運命の相手と言われても、困ります。 | ナノ

運命の相手を見る目じゃありませんよね。



 この国の3番目の王子様は今年18歳。噂によると、彼は目を引くほどの美青年なのだそうだ。
 幼い頃は体が弱くてあまり表には出てこなかったらしい。しかし成長とともに体が丈夫になってからは表に出てくるようになり、今では武芸に学業にと様々な分野で優秀な成績を修めているという評判だ。

 最近では個人的に事業を始めて利益を得ているとか、慈善活動に積極的であるとかそんな話もあるので、とにかくすごい人なのだろう。
 そんなわけで第3王子という立場ではあるが、婿として優良物件だからと目の色変えて狙っている貴族が多いんだって。国内外から縁談が殺到しているらしいけど……今回の花嫁占いは修羅場になりそうだな。

 お城の周りには女の子が角砂糖に群がるアリのように群がって、キャーキャーかしましく喚いている。貴族のお姫様達は特別席からそれを冷ややかに見下ろし、自分こそが王子の花嫁に相応しいのだと自信ありげな顔をしていた。

 一方の私はもうすでに帰りたい気分になっていた。
 なんで私ここにいるんだろう。
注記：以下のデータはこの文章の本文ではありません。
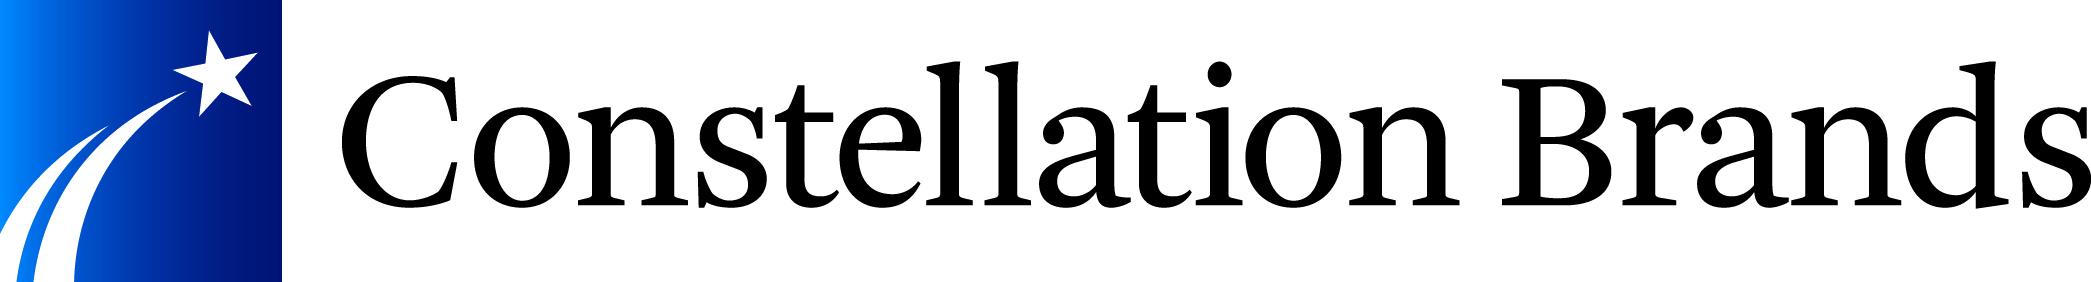 Constellation Brands (2016)- 4_Color_Horiz_1_Line(R).jpg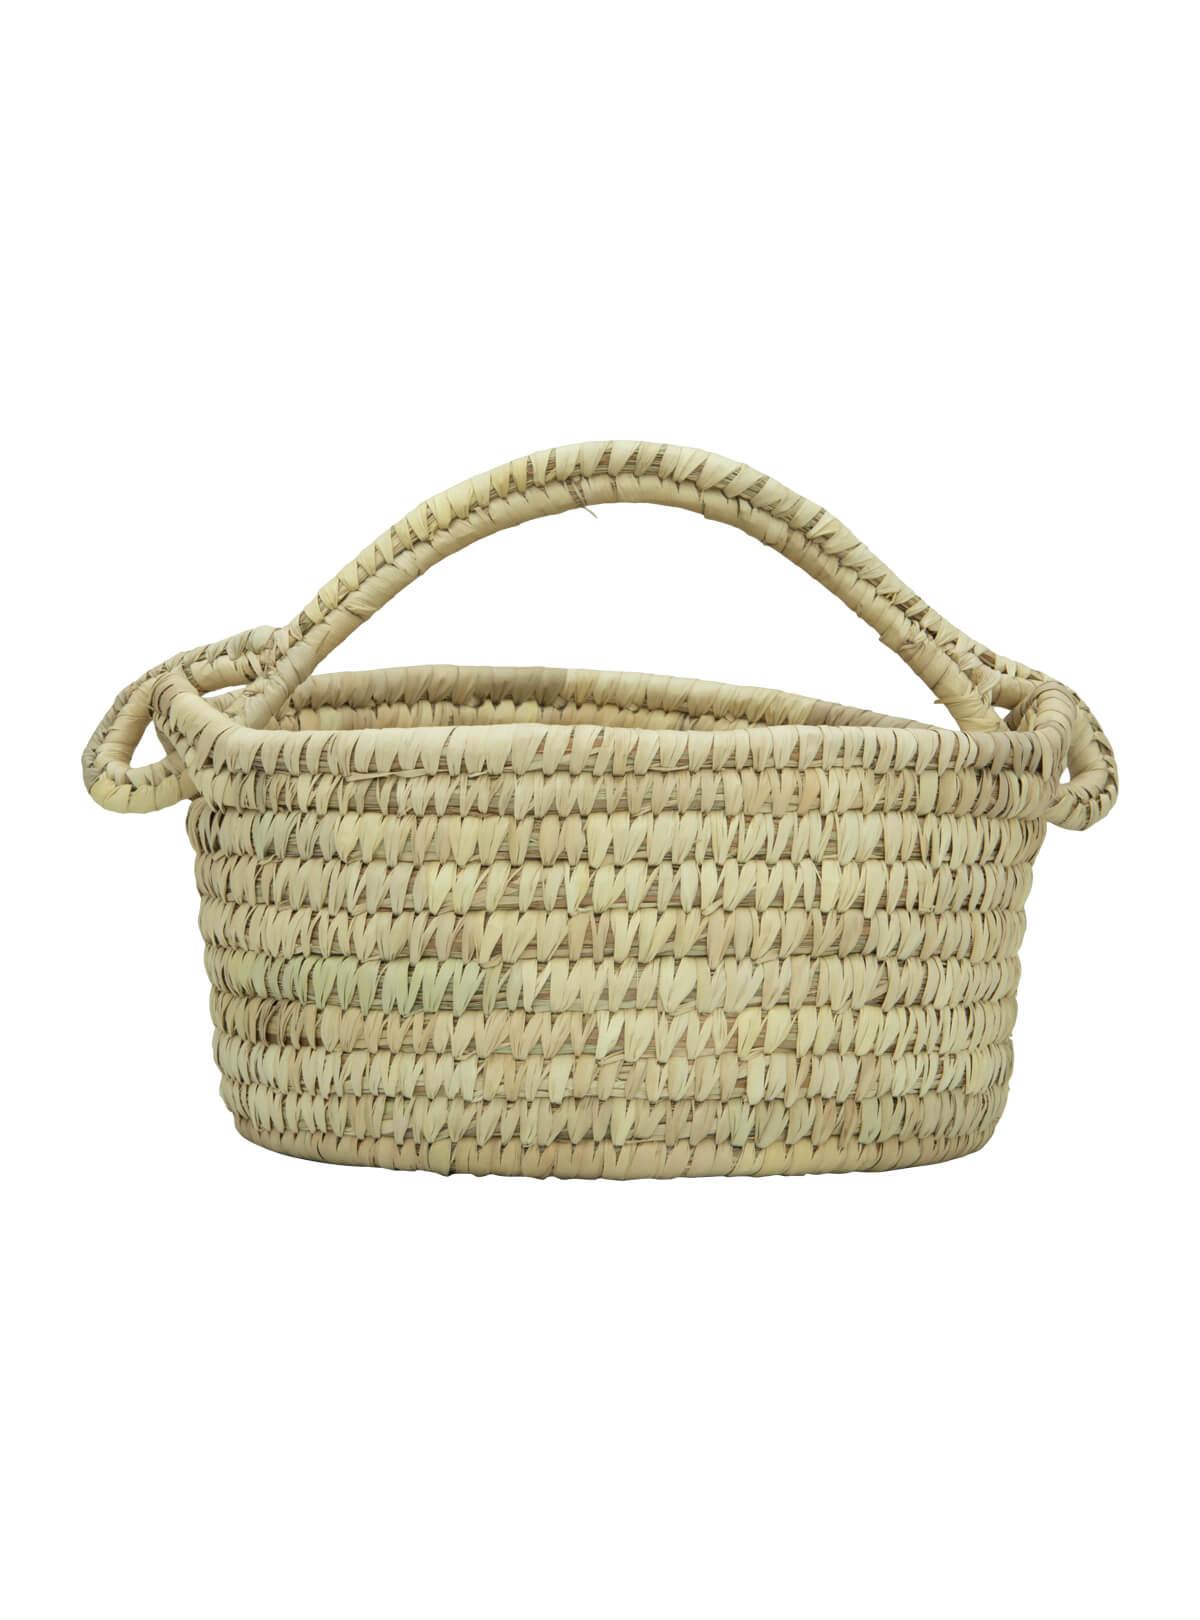 Kans Grass & Date leaf Woven Eco-Friendly Flower Basket

花嫁選びとか正直興味ないんだけどなぁとため息を吐いていると、女の子達の黄色い悲鳴で地面が揺れた。比喩ではなく本当に振動が伝わったのだ。

「きゃああああ!」
「殿下、ステファン殿下ぁ!」
「なんてお美しいの!」

 うわぁすごい。耳が痛い。キーンってした。
 女の子達の歓声で鼓膜が破けそうだったので、両耳を塞いだ。そして歓声を浴びている人物がおでまししたバルコニーを見上げて……たまげた。

 太陽に反射してキラキラ輝く金色の髪、透き通るくらい真っ白な肌は彼を更に輝かせて見せた。バサバサの金色睫毛をこさえた瞳は憂いを帯びており、コーラルピンクの唇は弧を描くこともなく静かに閉ざされていた。
 天使と見間違いそうなその美貌のお陰で線が細そうに見えたが、多分着ている服のせいもあってそう見えるだけ。おそらく体はしっかり鍛えてあるだろう。立ち方が騎士様みたいに姿勢が良いもの。

 へぇー……あれが噂の第3王子。
 あんまり期待していなかったけど、これは眼福ものだ。みんなが騒ぐのも理解できる。
 噂に違わぬ美しさに私は彼を無遠慮に凝視した。ちなみに凝視しているのは私だけじゃない。彼は今、この場にいるたくさんの乙女達から注目を受けている。なんといっても彼は今日の主役だからだ。

 彼は感情の含まれていない表情で隅から隅まで視線を送る。
 ……誰かを探しているのだろうか?
 もしかして意中の女性を探しているのかなと思って彼を観察していると、第3王子の視線がこちらに向いた。

 あっ、目が合っちゃった。
 私は彼の美しさに感嘆の息を漏らす。どの方向から見ても本当に綺麗な人だなぁ。まさしく女の子が夢見る理想の王子様って感じだ。

 ──その時、彼の瞳の色がはっきり見えた。美しい翡翠色。

 懐かしい色……。
 謎の懐かしさを感じてしんみりしていたが……異変を感じとった。
 無表情だった王子に表情が現れたのだ。驚きのような、信じられないと困惑した顔をしていた。
 無機質な作り物に生命が吹き込まれた瞬間にも見える。気のせいかもしれないが、彼の唇が微かに動いた。

 ──私を見ている?

 いやいや、まさか。雲の上の王子様が私みたいな平民を見る訳無いじゃん……と、心の中で笑い飛ばしたが、王子の視線は依然としてこちらに注がれたまま。

 なんか……私のこと睨んでない?
 その強い視線に私は怯みそうになった。……もしかして、平民風情がなんでそこに座ってるんだってお怒りでいらっしゃる?
 王子の視線が突き刺さる。私が恐怖で体を強張らせていると、横からガシッと肩を掴まれる。

「レオーネ! 魔女様がお見えよ!」

 伯母に肩を掴まれた私はハッとして、謎の見つめ合いをしていた第3王子から目を離した。
 あーびっくりした。めちゃくちゃ凝視されたよ。美形の凝視……いや睨みつけ? 心臓に悪いな。まだ心臓がドキドキしてるよ。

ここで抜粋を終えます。